The ruling National Movement party has not announced its candidate for the mayoral post yet, though it appears likely that current mayor Gigi Ugalava will seek to keep his place.



The opposition is not the only political force to increase its activities. Officials have been regularly shown on the main television channels – which are all under government influence or control – visiting remote regions and meeting with local people.



The visits are part of a so-called Dialogue with the People programme created by Saakashvili, and closely resemble the kinds of trips that are a major feature of the pre-election campaigning – although officials deny there is anything unusual about them.



“The Dialogue with the People aims to explain to the people what we have done and to listen to their opinion on the next steps to take.

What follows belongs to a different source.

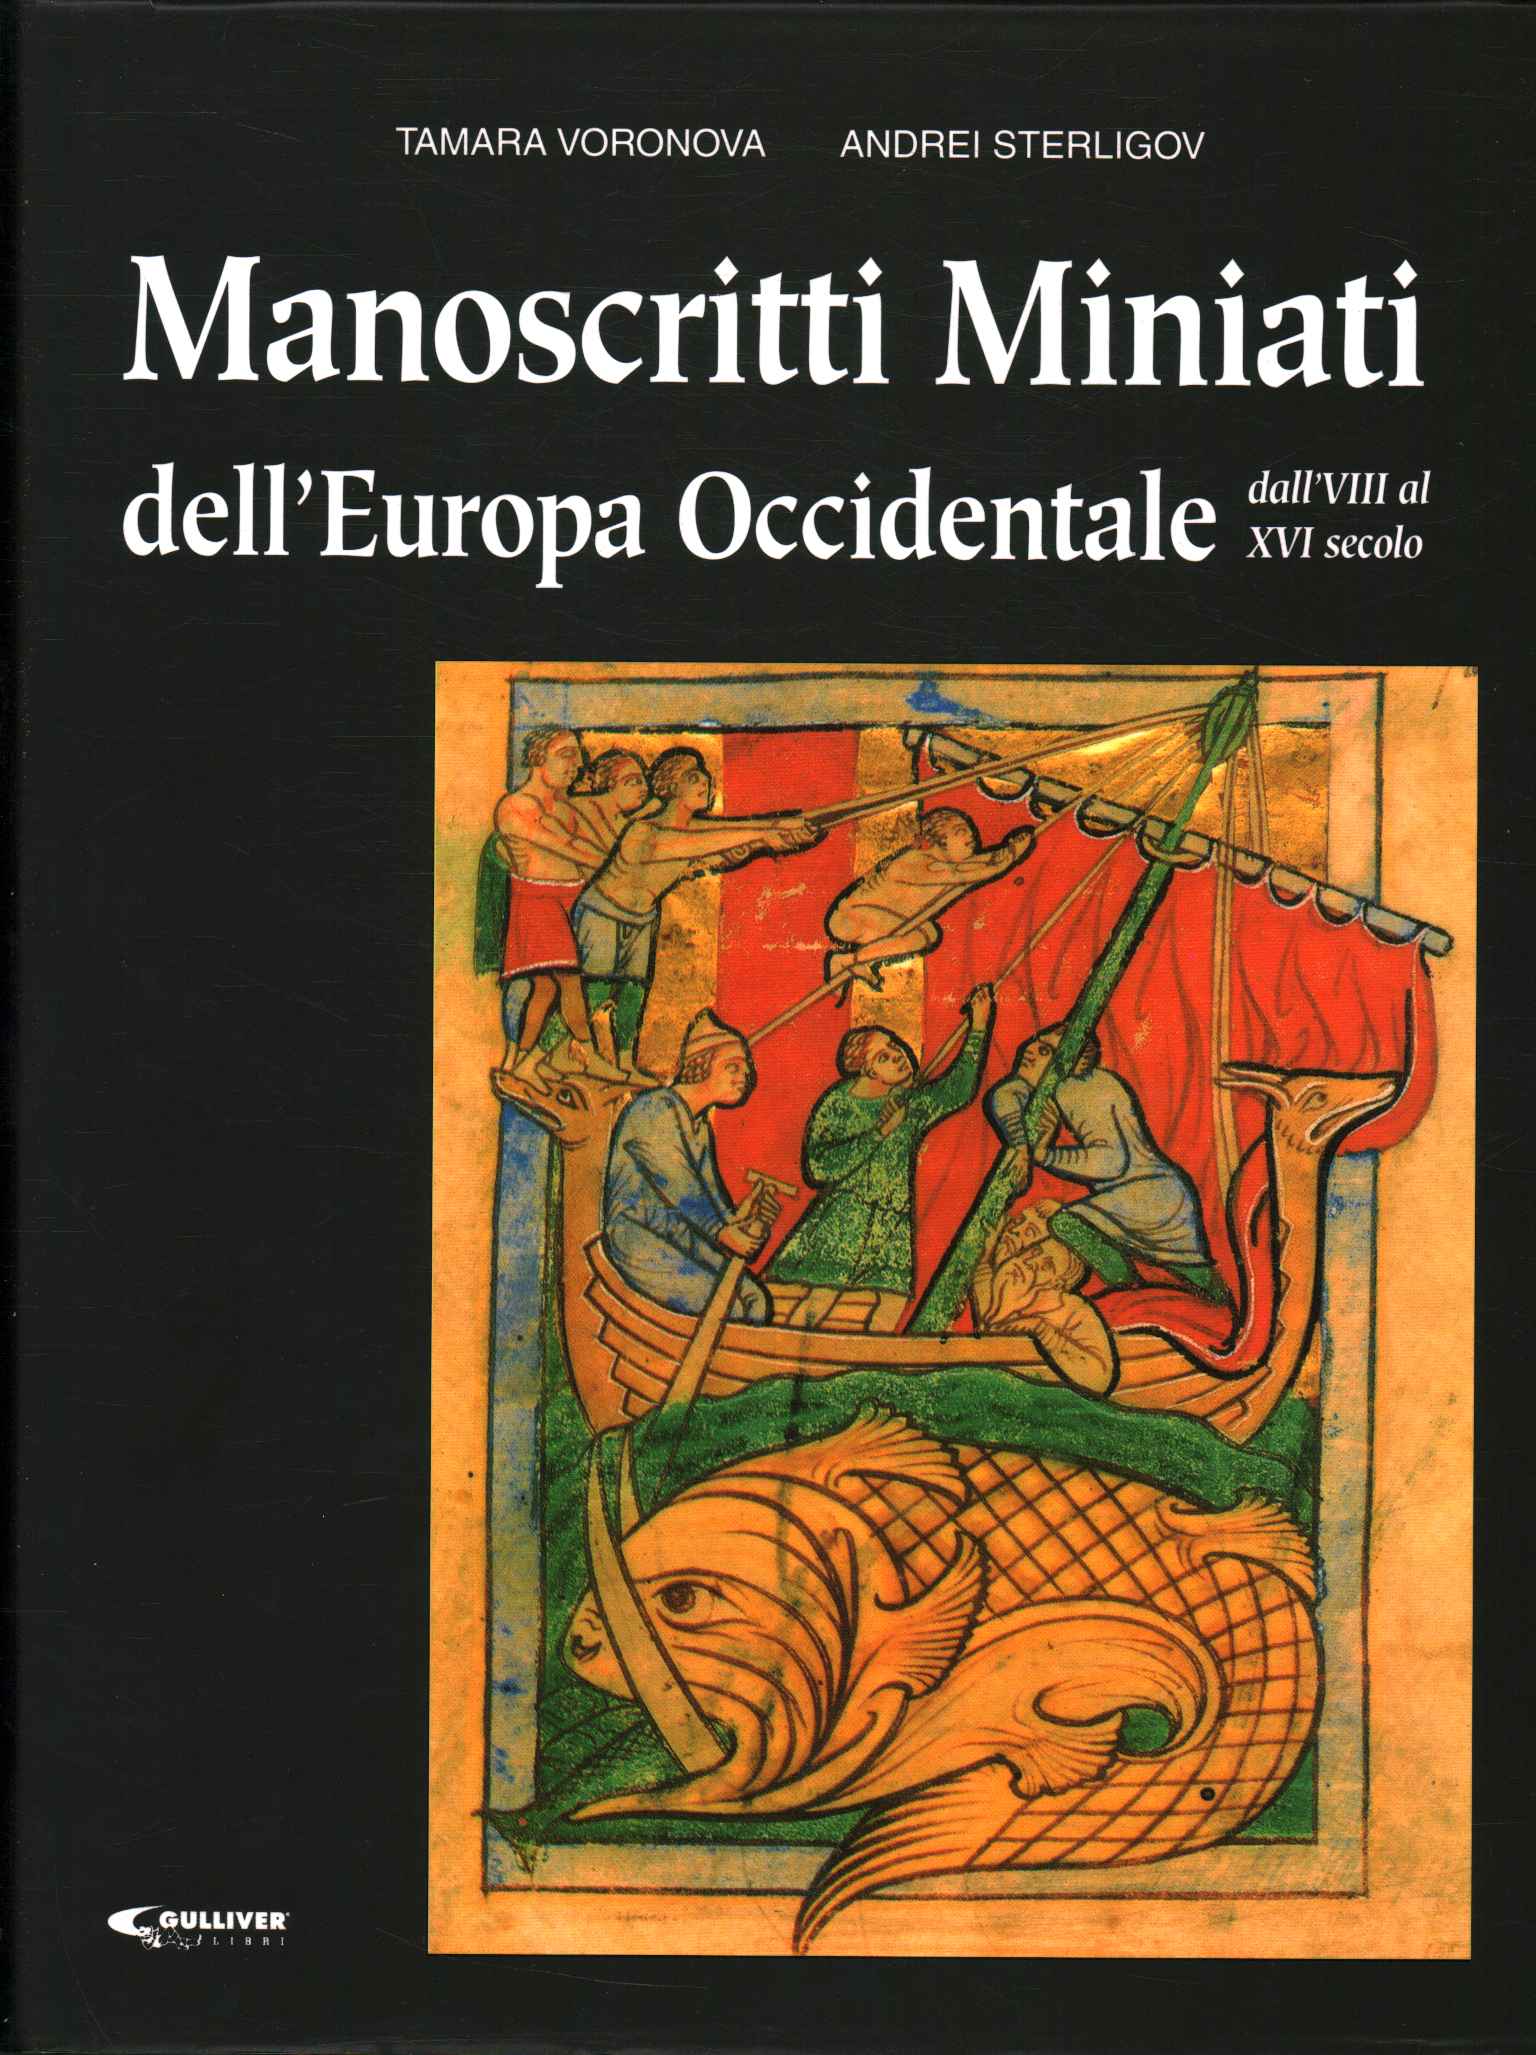 Illuminated manuscripts of Europe O

This dialogue does not mean we are preparing for elections,” said Giorgi Gabashvili, chairman of the parliamentary committee for education, science and culture.



But Georgia’s weary voters are not impressed, and look on all the politicians’ activities with deep cynicism.



“Both the authorities and the opposition have no connection to ordinary people. They only remember us before elections, and start to give out help, and so on. I just wish these elections were more frequent,” said Nugzar Khizaanishvili, a 51-year-old farmer from Gurjaani.



Anna Kandelaki is a freelance journalist in Tbilisi.